# Silicon based thermoelectric materials: a high throughput combinatorial search

Waste heat is one of the main sources for energy loss. Thermoelectrics may be used for an efficient conversion of this waste heat, provided suitable materials are available. For practical use materials with a high thermoelectric figure of merit (zT>1) are required. While several materials with a high value of zT are available, their practical use is often limited by cost or toxicity. One of the interesting material classes for the search of new thermoelectric materials are silicides, which benefit from the abundance and non-toxity of Si.

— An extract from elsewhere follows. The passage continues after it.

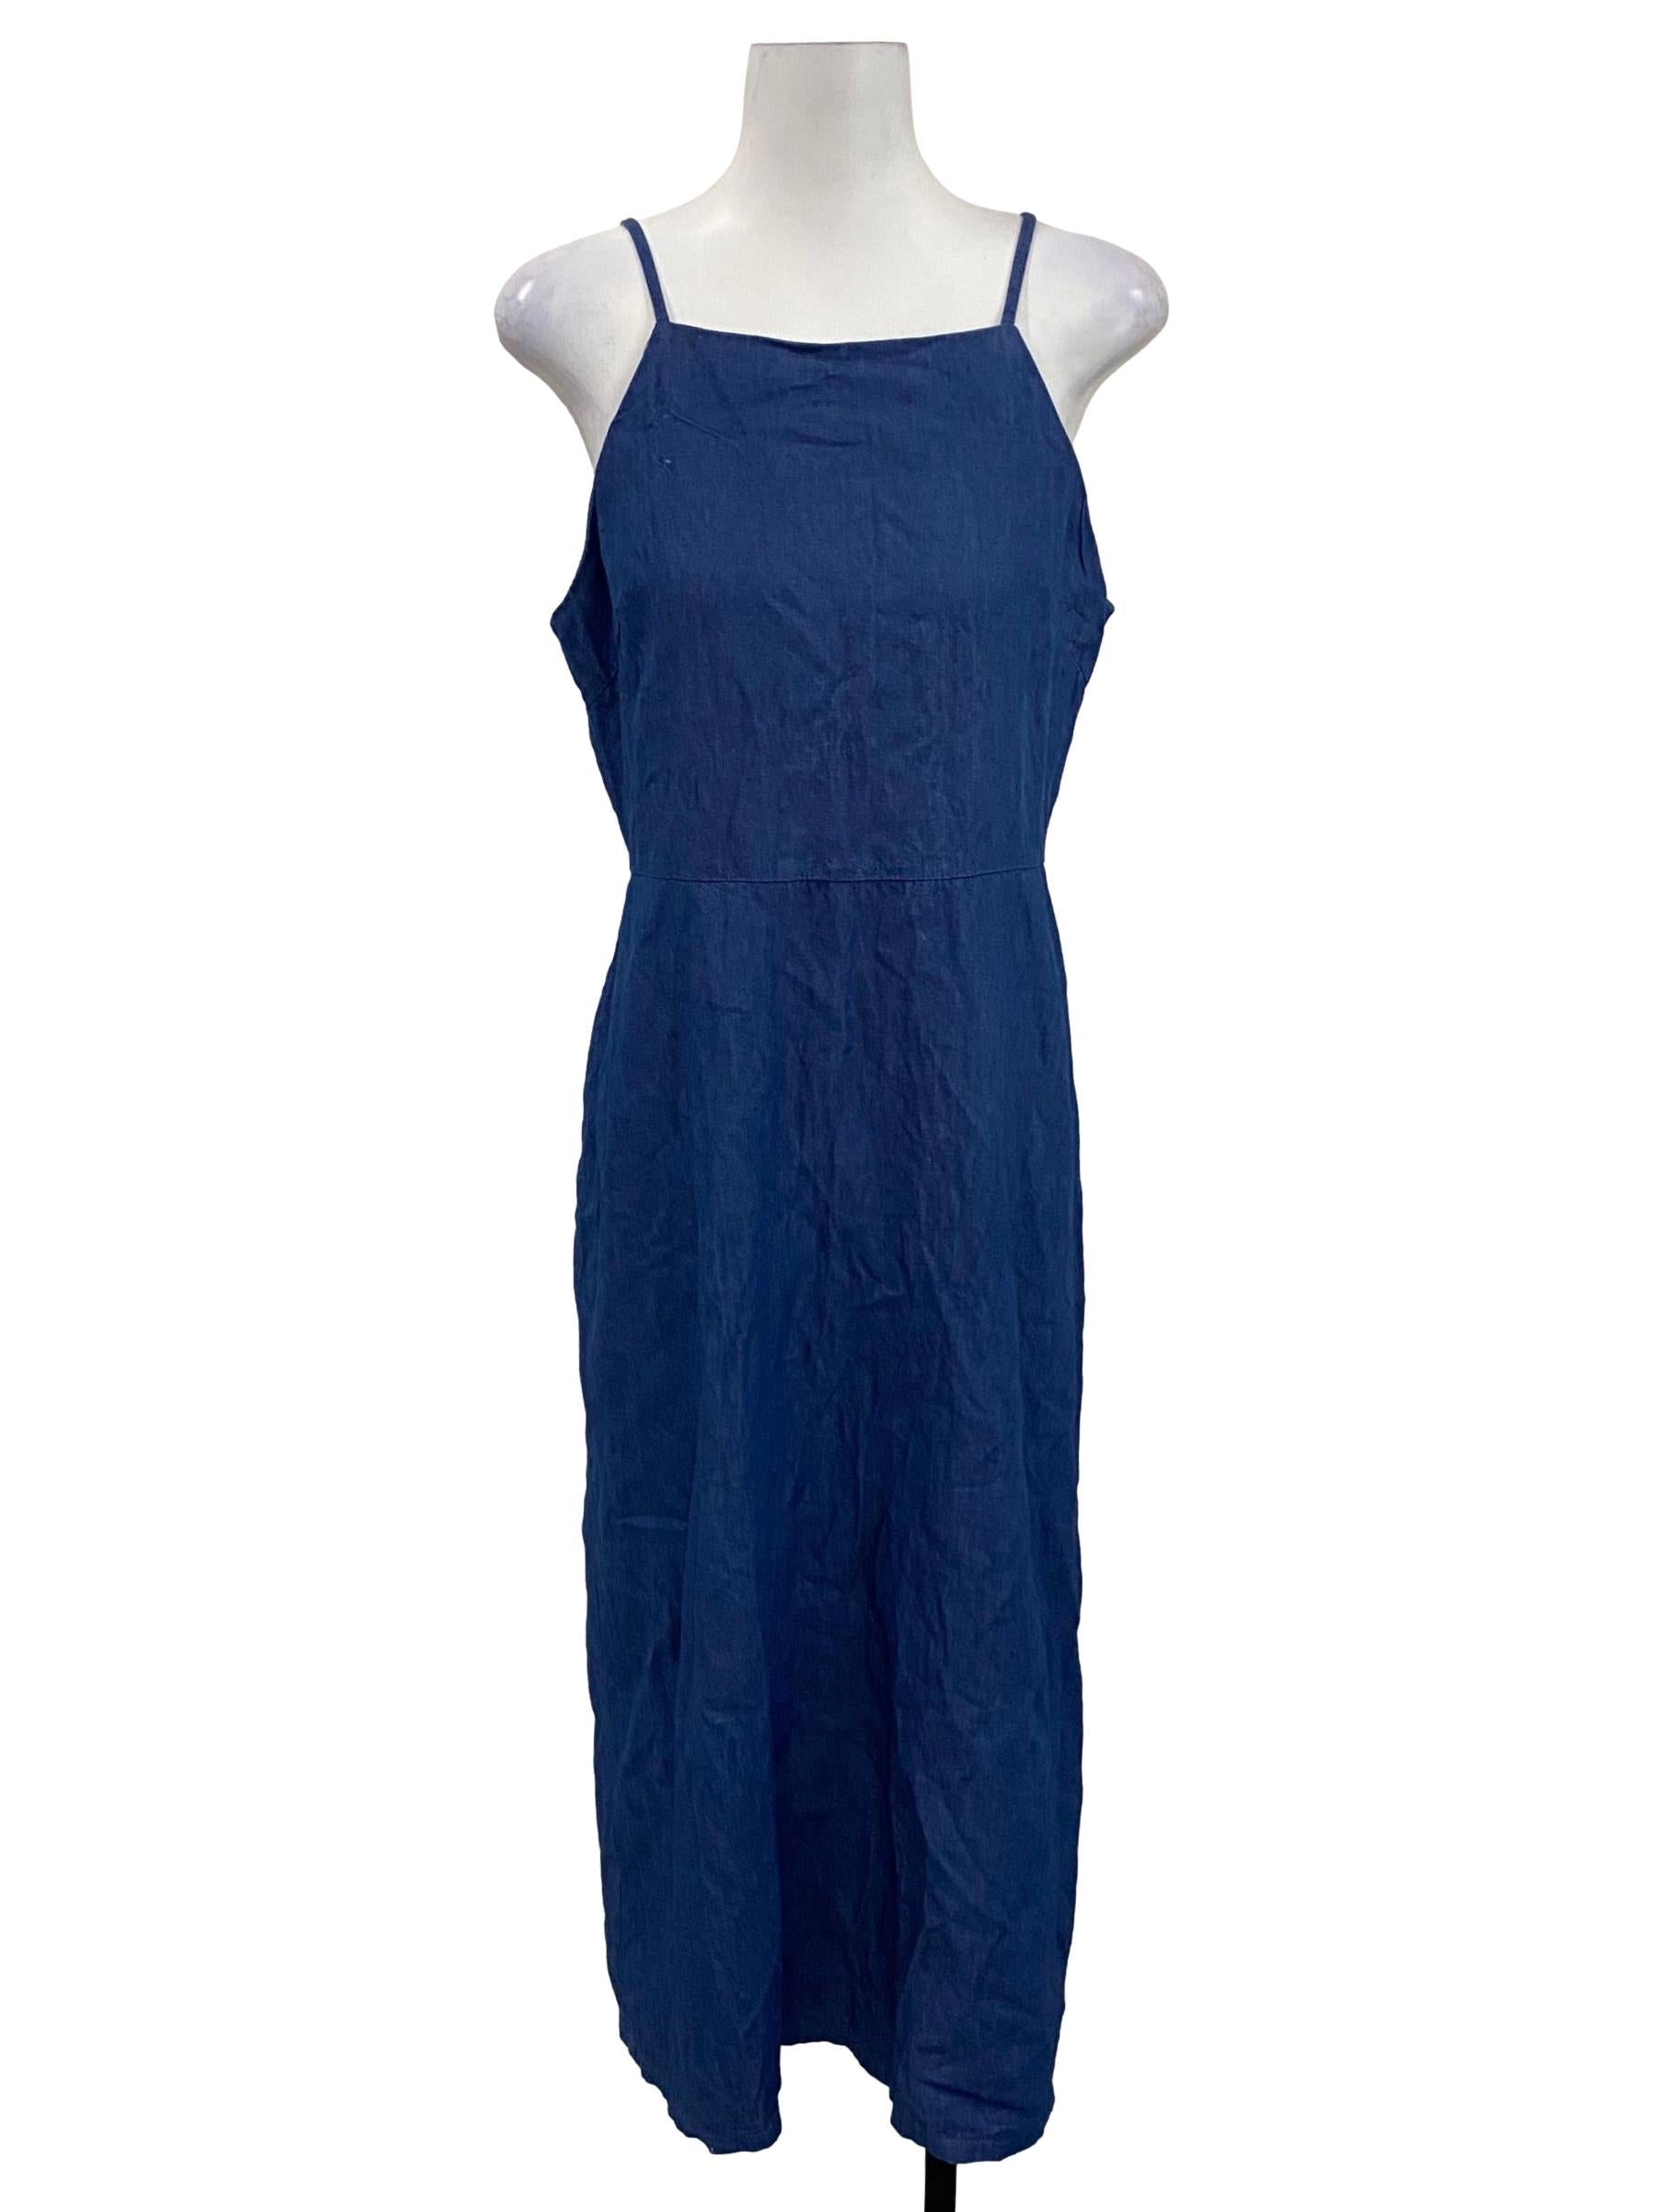 Blue Denim Strap Dress

Materials like MnSi_{1.73}, ReSi_{1.75} and the Mg_{2}(Si_{1-x}(IV)_{x}) solid solutions have received attention for their thermoelectric properties.

In this project the phase diagrams and transport properties of silicides are systematically investigated using our recently developed high-throughput environment (HTE). The Seebeck coefficient can be calculated from the electronic structure and it therefore possible to screen compounds both with respect to phase stability and transport properties. By a simple argument it can be shown that a zT>1 requires S>156 μV/K.

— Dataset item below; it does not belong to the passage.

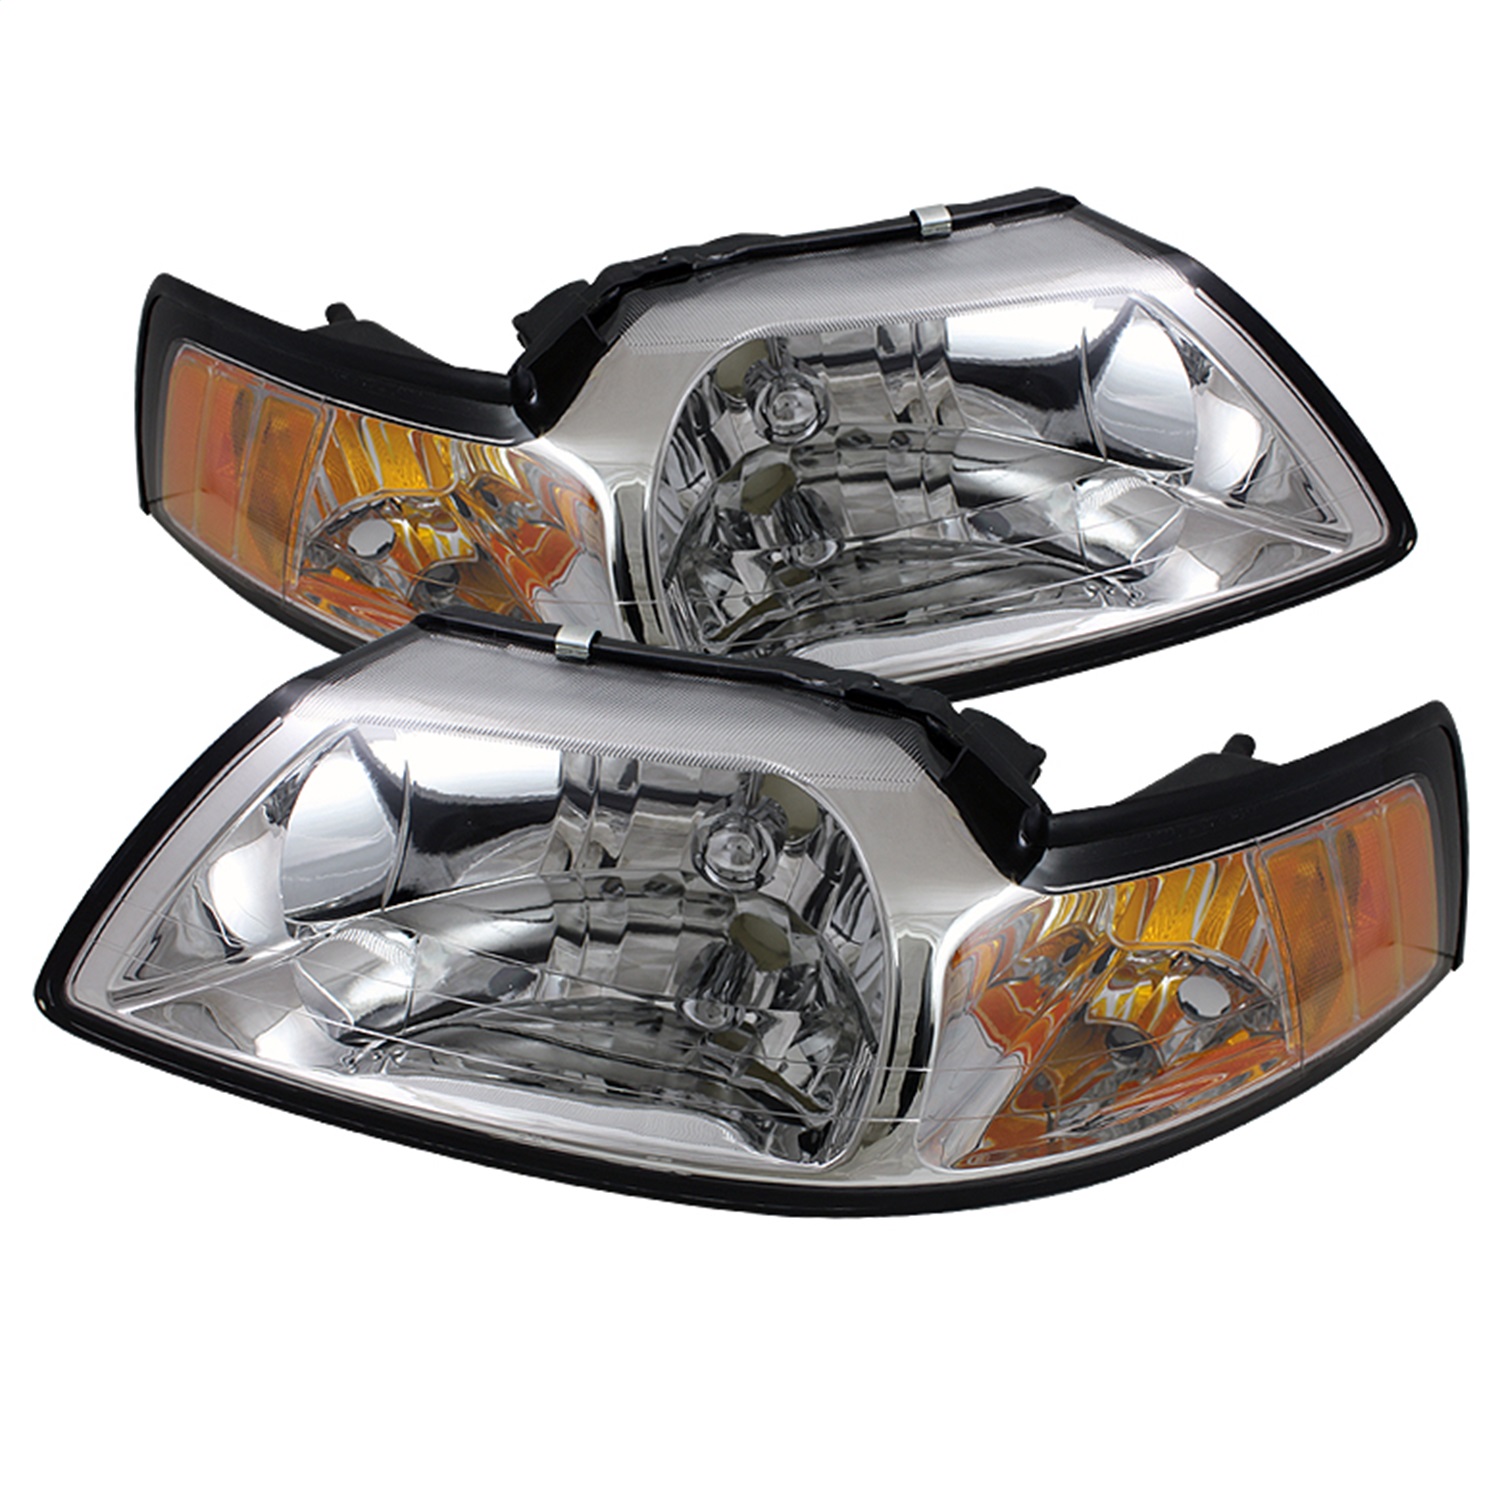 Spyder Auto 5064493 Crystal Headlights Fits 99-04 Mustang

A high-throughput screening of binary 3d, 4d and 5d transition metal silicides shows that semiconducting phases are exclusively
found on the silicon rich side of the group 6-9 transition metal silicides. We identify several candidates with potential for thermoelectric applications. This includes known thermoelectrics like Mn_{4}Si_{7}, FeSi_{2}, CrSi_{2} or Ru_{2}Si_{3}, as well as new potentially meta stable materials like Rh_{3}Si_{5}, Fe_{2}Si_{3} and an orthorhombic CrSi_{2} phase. Calculated transport properties are in good agreement with available experimental data at the respective carrier concentration. The calculations also show that a better thermoelectric performance may be achieved upon optimal doping.

The high throughput computational approach is also used to systematically investigate the phase diagrams of ternary and quaternary Mg_{2}(Si_{1-x-y}(IV)_{x}A_{y}) alloys.
In the compound Mg_{2}(Si_{1-x-y}(IV)_{x}A_{y}), IV is a main group IV element and A is main group III-V element which we imagine controls the carrier concentration. Consequently, Mg_{2}(Si_{1-x-y}(Sn)_{x}Sb_{y}) would be a n-type conductor and Mg_{2}(Si_{1-x-y}(Sn)_{x}In_{y}) would be a n-type conductor. A high-throughput approach will be necessary for a full understanding of the Mg_{2}(Si_{1-x-y}(IV)_{x}A_{y}) system. Firstly, in order to map out the limits of solid solubility and the compositions where new phases are formed. Secondly, the thermoelectric properties are highly dependent on the detailed carrier and impurity concentration and it is thus not possible to draw general conclusions about the Mg_{2}Si system by studying only a few stoichiometries.

The high-throughput approach will allow for establishing a phenomenological connection between structure and transport properties or phase stabilities. The connections will be rationalized in terms of simplified models of the electronic structure.

The project will be based on and contribute to the development of a common computational infrastructure at ICAMS, including a database of DFT calculations for future data-mining projects.